[Work request] Exactly the lines from the start of the data through the line containing "Caught Up is" should be output, with both ends kept and nothing added.

Record set below:

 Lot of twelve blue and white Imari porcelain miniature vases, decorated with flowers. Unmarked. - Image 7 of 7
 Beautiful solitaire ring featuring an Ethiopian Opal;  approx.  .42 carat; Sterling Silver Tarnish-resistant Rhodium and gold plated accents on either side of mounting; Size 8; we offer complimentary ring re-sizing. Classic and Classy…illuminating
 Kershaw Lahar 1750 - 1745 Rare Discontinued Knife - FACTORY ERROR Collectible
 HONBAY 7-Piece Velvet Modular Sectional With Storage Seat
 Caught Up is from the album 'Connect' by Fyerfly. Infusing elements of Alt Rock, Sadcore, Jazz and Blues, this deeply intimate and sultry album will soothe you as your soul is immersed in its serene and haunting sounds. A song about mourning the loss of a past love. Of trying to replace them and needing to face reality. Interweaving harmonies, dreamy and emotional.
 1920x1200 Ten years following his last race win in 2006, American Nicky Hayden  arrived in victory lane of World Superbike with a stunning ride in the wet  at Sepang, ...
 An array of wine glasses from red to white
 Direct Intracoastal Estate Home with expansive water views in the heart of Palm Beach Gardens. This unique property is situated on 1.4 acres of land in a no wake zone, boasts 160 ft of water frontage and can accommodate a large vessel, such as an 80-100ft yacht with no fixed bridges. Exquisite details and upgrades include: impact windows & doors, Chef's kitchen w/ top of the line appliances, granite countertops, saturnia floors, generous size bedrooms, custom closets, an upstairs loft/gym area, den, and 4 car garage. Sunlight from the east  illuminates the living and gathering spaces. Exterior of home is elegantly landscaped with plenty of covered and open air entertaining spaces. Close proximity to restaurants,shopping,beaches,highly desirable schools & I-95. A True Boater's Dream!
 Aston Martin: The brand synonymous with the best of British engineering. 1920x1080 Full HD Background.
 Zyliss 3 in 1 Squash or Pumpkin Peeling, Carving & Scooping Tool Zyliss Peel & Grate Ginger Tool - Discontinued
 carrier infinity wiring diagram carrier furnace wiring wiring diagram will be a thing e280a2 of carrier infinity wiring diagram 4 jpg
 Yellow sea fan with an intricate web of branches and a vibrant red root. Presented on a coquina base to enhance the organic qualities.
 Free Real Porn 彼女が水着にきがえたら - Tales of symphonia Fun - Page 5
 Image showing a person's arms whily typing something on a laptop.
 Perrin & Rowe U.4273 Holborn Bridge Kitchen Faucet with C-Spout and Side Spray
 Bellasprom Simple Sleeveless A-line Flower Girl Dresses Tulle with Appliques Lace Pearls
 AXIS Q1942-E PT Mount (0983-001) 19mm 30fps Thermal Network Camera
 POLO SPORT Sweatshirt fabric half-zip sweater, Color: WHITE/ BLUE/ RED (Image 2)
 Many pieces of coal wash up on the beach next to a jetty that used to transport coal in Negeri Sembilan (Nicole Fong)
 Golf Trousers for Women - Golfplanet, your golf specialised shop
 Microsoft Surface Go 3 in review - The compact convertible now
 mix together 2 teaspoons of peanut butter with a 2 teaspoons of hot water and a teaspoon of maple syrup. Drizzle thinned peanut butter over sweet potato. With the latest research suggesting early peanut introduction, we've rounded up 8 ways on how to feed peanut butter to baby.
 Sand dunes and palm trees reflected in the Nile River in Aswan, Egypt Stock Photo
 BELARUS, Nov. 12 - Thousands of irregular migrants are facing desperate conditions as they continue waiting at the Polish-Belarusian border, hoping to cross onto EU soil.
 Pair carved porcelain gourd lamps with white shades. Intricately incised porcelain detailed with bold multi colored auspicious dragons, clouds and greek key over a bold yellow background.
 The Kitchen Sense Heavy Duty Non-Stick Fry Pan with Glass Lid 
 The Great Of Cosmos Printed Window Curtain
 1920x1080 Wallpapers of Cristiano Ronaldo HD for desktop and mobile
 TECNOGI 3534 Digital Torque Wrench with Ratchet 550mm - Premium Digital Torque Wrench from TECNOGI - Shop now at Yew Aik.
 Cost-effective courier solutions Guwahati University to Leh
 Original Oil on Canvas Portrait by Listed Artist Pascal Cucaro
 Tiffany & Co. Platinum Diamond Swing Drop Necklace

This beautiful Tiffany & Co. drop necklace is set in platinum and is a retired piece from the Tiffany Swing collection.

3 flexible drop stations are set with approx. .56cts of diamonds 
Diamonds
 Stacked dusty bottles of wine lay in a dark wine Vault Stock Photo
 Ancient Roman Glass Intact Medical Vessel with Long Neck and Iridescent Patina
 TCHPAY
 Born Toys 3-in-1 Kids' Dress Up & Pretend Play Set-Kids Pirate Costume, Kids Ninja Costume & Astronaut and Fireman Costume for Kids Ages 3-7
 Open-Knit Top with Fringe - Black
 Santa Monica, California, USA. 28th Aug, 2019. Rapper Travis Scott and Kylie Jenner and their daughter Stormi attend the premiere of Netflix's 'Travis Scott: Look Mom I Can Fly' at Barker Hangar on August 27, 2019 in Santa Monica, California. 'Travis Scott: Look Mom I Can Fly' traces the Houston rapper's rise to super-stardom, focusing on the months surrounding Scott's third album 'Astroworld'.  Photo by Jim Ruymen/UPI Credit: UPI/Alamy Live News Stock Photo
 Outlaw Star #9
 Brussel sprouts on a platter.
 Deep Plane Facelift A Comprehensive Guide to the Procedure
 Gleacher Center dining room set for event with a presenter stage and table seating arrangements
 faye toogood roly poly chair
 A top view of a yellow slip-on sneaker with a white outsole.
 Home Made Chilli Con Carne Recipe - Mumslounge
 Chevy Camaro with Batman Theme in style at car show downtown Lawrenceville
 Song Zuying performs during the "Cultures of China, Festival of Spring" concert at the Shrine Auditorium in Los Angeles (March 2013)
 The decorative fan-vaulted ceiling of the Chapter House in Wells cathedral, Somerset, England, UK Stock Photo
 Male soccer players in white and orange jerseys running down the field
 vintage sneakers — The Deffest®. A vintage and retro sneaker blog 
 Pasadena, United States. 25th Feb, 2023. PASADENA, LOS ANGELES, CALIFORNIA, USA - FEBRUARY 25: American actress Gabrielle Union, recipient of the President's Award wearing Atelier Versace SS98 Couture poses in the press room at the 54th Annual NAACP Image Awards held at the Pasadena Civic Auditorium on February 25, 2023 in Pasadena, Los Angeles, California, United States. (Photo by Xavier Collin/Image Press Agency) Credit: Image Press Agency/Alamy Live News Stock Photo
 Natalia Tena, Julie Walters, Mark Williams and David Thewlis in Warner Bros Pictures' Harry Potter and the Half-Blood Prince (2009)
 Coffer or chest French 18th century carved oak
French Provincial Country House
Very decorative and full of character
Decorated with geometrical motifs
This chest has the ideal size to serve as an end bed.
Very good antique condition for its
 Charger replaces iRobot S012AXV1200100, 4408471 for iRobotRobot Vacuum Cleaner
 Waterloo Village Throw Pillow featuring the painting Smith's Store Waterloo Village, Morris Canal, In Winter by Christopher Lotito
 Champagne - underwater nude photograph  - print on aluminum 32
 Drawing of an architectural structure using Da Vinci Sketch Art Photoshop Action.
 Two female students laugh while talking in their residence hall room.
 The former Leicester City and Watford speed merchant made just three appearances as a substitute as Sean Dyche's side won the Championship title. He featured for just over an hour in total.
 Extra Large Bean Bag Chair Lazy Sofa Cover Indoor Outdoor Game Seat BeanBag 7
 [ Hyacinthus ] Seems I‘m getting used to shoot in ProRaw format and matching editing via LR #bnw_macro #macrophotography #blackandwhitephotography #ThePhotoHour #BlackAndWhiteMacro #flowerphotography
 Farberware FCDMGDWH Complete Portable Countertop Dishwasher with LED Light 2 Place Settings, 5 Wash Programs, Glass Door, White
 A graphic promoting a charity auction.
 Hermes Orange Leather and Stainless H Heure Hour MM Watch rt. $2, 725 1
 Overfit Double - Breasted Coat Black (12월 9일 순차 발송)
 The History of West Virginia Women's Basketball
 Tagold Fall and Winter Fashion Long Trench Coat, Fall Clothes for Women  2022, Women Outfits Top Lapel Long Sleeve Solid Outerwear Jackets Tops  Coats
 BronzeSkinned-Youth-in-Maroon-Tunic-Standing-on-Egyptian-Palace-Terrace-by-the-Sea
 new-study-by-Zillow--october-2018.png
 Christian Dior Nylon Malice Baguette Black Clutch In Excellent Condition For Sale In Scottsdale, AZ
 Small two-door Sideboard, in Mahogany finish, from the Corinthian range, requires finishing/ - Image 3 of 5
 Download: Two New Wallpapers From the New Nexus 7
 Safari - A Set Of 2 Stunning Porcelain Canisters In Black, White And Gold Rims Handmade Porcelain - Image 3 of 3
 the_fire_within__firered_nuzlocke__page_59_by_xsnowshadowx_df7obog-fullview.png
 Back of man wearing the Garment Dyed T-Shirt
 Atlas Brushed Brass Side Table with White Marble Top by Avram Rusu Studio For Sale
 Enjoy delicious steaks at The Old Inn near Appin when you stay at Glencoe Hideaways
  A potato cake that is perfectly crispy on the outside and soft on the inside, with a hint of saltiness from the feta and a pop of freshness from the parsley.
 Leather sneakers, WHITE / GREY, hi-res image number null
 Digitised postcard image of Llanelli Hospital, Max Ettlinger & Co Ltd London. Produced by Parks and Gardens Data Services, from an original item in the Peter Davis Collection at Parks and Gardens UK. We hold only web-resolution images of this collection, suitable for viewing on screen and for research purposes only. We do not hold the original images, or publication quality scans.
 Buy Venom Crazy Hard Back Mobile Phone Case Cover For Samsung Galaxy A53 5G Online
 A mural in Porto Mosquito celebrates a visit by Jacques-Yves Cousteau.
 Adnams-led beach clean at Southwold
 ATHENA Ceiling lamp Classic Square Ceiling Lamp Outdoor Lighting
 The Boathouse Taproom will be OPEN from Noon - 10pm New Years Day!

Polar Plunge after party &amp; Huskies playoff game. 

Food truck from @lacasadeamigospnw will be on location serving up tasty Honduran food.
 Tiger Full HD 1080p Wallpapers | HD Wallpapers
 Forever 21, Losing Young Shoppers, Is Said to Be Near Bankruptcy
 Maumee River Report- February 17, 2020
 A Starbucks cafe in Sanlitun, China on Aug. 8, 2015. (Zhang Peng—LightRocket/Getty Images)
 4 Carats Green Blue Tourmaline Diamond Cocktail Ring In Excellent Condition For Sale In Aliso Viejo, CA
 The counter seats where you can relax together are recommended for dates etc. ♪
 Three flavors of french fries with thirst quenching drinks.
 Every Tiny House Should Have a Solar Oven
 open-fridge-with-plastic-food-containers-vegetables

End of Record set.

[Solved exercise]
 Lot of twelve blue and white Imari porcelain miniature vases, decorated with flowers. Unmarked. - Image 7 of 7
 Beautiful solitaire ring featuring an Ethiopian Opal;  approx.  .42 carat; Sterling Silver Tarnish-resistant Rhodium and gold plated accents on either side of mounting; Size 8; we offer complimentary ring re-sizing. Classic and Classy…illuminating
 Kershaw Lahar 1750 - 1745 Rare Discontinued Knife - FACTORY ERROR Collectible
 HONBAY 7-Piece Velvet Modular Sectional With Storage Seat
 Caught Up is from the album 'Connect' by Fyerfly. Infusing elements of Alt Rock, Sadcore, Jazz and Blues, this deeply intimate and sultry album will soothe you as your soul is immersed in its serene and haunting sounds. A song about mourning the loss of a past love. Of trying to replace them and needing to face reality. Interweaving harmonies, dreamy and emotional.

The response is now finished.